1:WebSocket editing mode

After entering the FreeHttp Tab page, HTTP mode is opened by default. You can click "HTTP/WS" at the bottom left to switch to WebSocket mode. (if you do not see "HTTP/WS", it means that the FreeHttp you are using is 1.3 or below. Please upgrade FreeHttp through the link mentioned above. Note that you can directly replace the upgrade, and the upgrade will not affect your existing historical rules.)

2: suppose our scene

We choose any site that uses WebSocket to demonstrate. Usually, most of the live chat IM systems in Web systems directly use WebSocket.

Let's take JD.com 's website as an example to demonstrate (in fact, many WebSocket online test sites can be found online for everyone to debug and use, and there is no malice to use JD for demonstration here)

As shown in the picture above, we go directly to JD.com 's home page and click on the customer service IM chat system in the lower right corner (make sure your Fiddler is open during this period)

You can have a few words with JD.com customer service at will (of course, the customer service at this time is probably just a robot)

Suppose we want to modify the reply given to us by customer service to "my brother has spoken, 90% discount today" (just a joke, please don't take it seriously)

3: create a rule to complete the change package

As shown in the figure above, we need to find the Session of the Websocket we just chatted in the Session list on the left of Fiddler (in fact, the handshake negotiation of Websocket to establish a link uses HTTP, and once the link is established, it will always use the same link to transmit data, so no matter how many packets are sent and received behind this Websocket link, most packet grabbing tools will display them in the same Session, that is, the Session where the link was created.) This Session is usually easy to find in the Session list, because there are usually not too many items marked as Websocket in the Session list (note the Session with the ws icon in the Session list).

Double-click the Session we just found in the list to open the WS message list, where we can find the content that the customer service has just replied to us, which confirms that we have found the correct Websocket Session.

Pay attention to the structure of the message that is replied to us, and we will create our tampering rules later.

As shown in the figure above, now let's switch to the FreeHttp Tab page to create a simple WebSocket tampering rule to complete our just requirement.

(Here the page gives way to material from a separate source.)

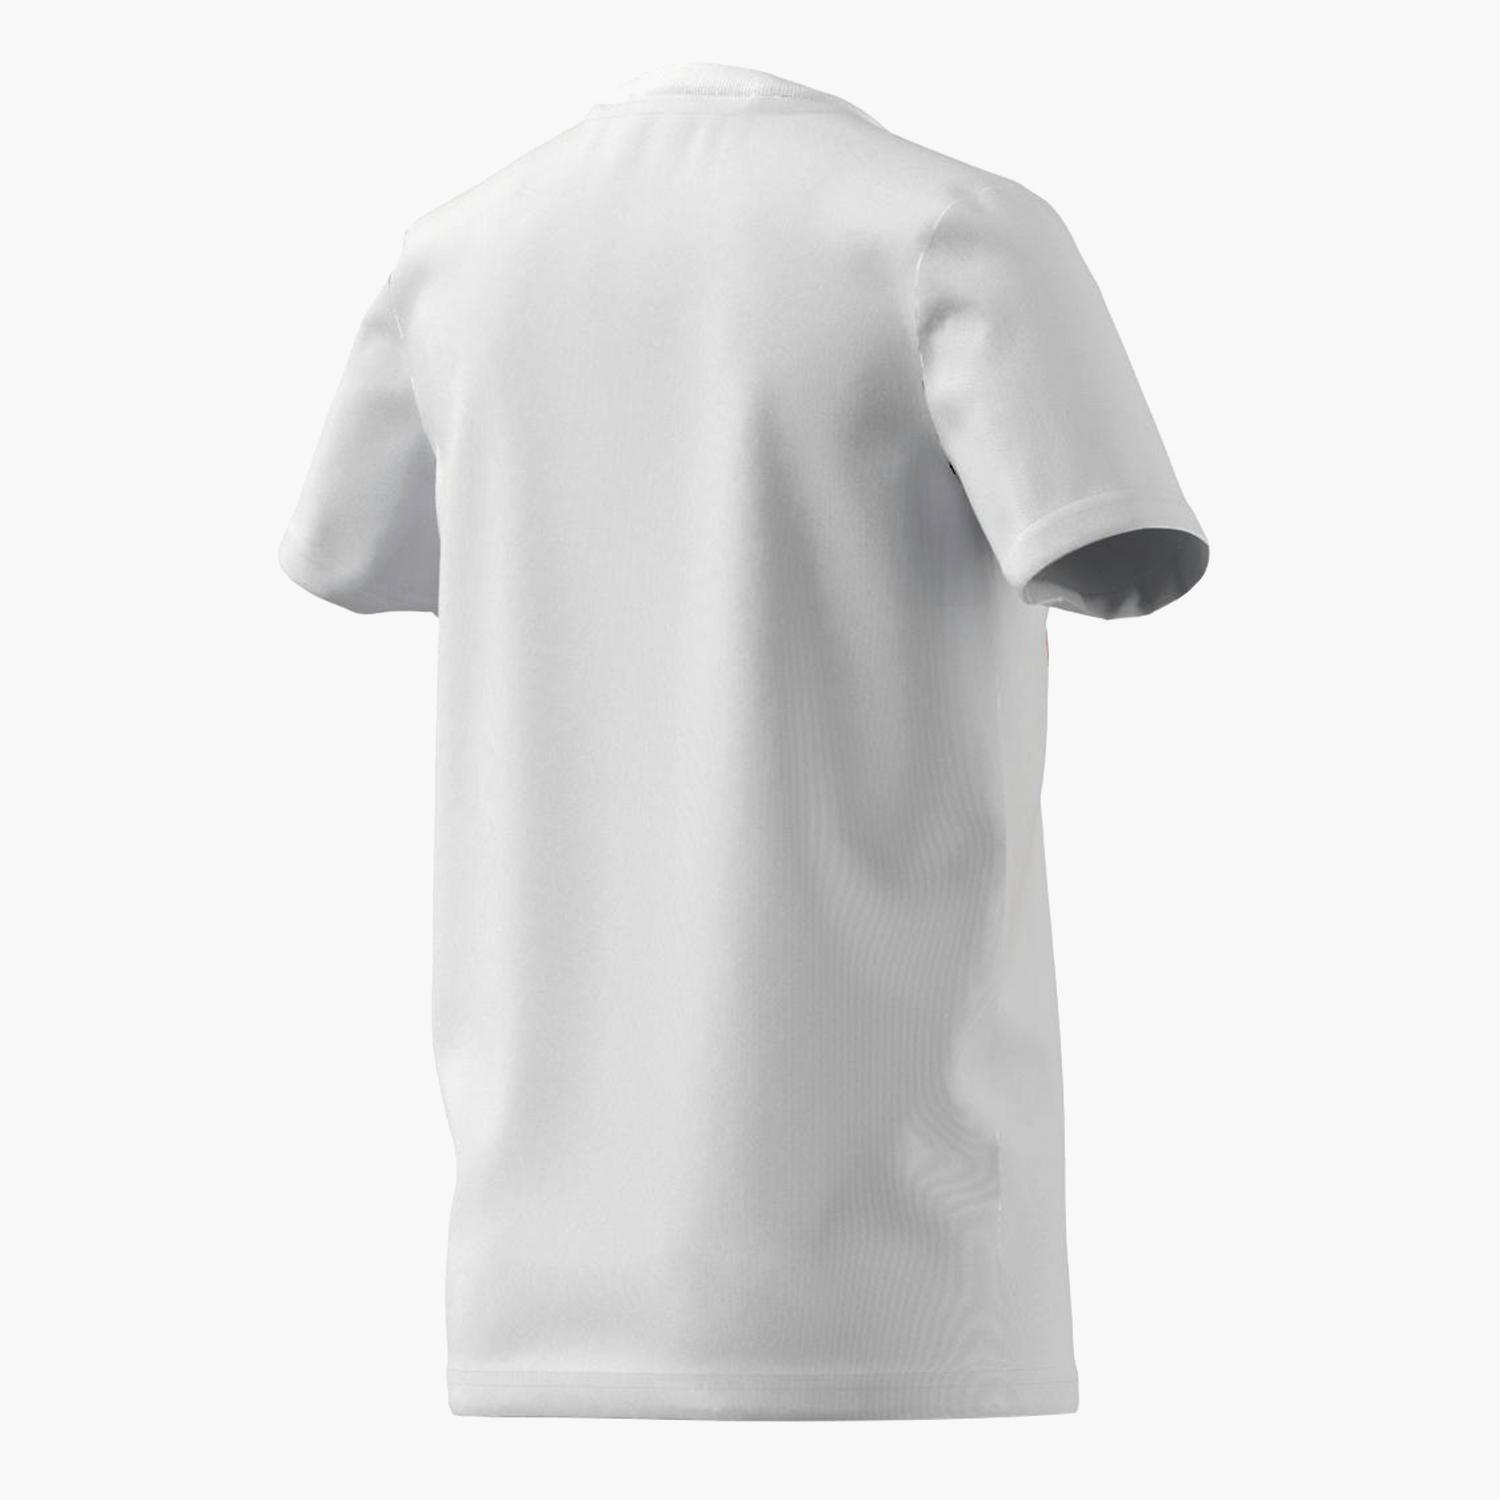 T-shirt  Performance - Branco - T-shirt Rapaz tamanho 12

You can click FreeHttp directly to get the icon (the location of "Click here" in the image above), and FreeHttp will automatically create an exact matching rule for the session you choose (and automatically switch http/ws mode according to the type of session you choose). Of course, if you are familiar with Filter in FreeHttp, you can manually create matching rules that better meet your own requirements. (https://www.cnblogs.com/lulianqi/p/10428551.html#_label1 you can find detailed rules for Filter here)

Looking at the WebSocket messages that the customer service replied to us, we can easily see that we can directly modify the highlighted text.

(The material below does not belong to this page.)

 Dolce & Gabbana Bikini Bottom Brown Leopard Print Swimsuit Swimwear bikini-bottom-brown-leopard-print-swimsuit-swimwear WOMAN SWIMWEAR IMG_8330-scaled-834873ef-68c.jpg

Because what we want to modify is to receive data, as in the picture above, we switch to "Websocket Receive Moditfic", and then fill in the rules in the "Payload Modific" area directly. (we use the simplest text replacement, and for more complex scenarios, we can use regular substitution or other modes such as HEX. Https://www.cnblogs.com/lulianqi/p/10428551.html#_label2_0 you can find ways to use other patterns in 2.1.4 here).

When the rule is completed, click the lower right corner to confirm to save the tampered rule you just created.

After saving, you can see the rule you just added in the "Response Rule" list on the right. Note that the yellow highlighted area in the image above enables the rule you just added according to this setting (the newly added rule is not enabled by default)

After completing the rule creation, we send hello to JD.com customer service again, and you can see that the reply received on the Web page has changed according to our rules. (you can also see the change in the developer tools on the web page or in the session ws message list on Fiddler)

Have you noticed the entrance to "ask other questions" in the lower right corner? we can add another rule as we just did, and change this "ask other questions" to "90% discount entry" (we won't repeat it here).

We send you again. Hello, you can see that the quick entrance in the lower right corner has also changed.

Note that there is a detail here, because a session needs to match multiple rules for modification. If you find that your FreeHttp can only match one of them, please open "Modific Tool" and "http tamper setting" below and cancel "is only match first tamper rule".

4: complex scenes

Although we have completed our initial requirements as described above, the requirements in real situations are often not immutable, and FreeHttp also provides many more elaborate features to help you create tampering rules to tamper with Websocket messages.

In the same example mentioned above, there are usually a lot of real-time messages in Websocket. Not all messages are customer service responses to our text messages. There is no need for us to tamper with all the messages received.

As shown in the figure above, we create a more specific Filter rule and configure that only the return message at the beginning of payload can be matched, and create a more recognizable alias "modify customer service reply" for this rule.

Sometimes we need to get some data in the occurrence or reply message and turn it into parameterized data for later rules to use. For example, if we need to get the content we send to customer service, we need to create a "Websocket Send Modific" rule and use "parameter data" to get dynamic parameters.

By analyzing the payload we sent, it is not difficult to find that all the text messages we send have a fixed beginning. We can create matching rules for "Websocket Send Modific" as shown above.

Because this rule does not need to modify the message is only used to obtain dynamic data, we "Payload Modific" do not need to fill in anything, just click on the lower parameter icon (the icon in the red dotted box) to add the parameter pick rule as shown above (parameter name is my content, use string to pick up the scope is the request or response entity, starting with}, "content": "and ending with", "render": "user". For more details on parameter pick settings, you can check out https://www.cnblogs.com/lulianqi/p/10428551.html#_label8_2 8.3 to dynamically pick parameterized data)

Enable the rule you just added and send it again in the IM chat box. The rule we just created will pick up the content we sent from the payload we sent. As shown in the figure above, we open the parameter manager through "Modific Tool" and "parameter data manage" to view the content we picked (note that this data will change dynamically according to each pick)

Next, we will directly use the data we picked up earlier in the following rules. We now double-click the Response Rule we just created, "modify customer service reply to discount message" to edit it.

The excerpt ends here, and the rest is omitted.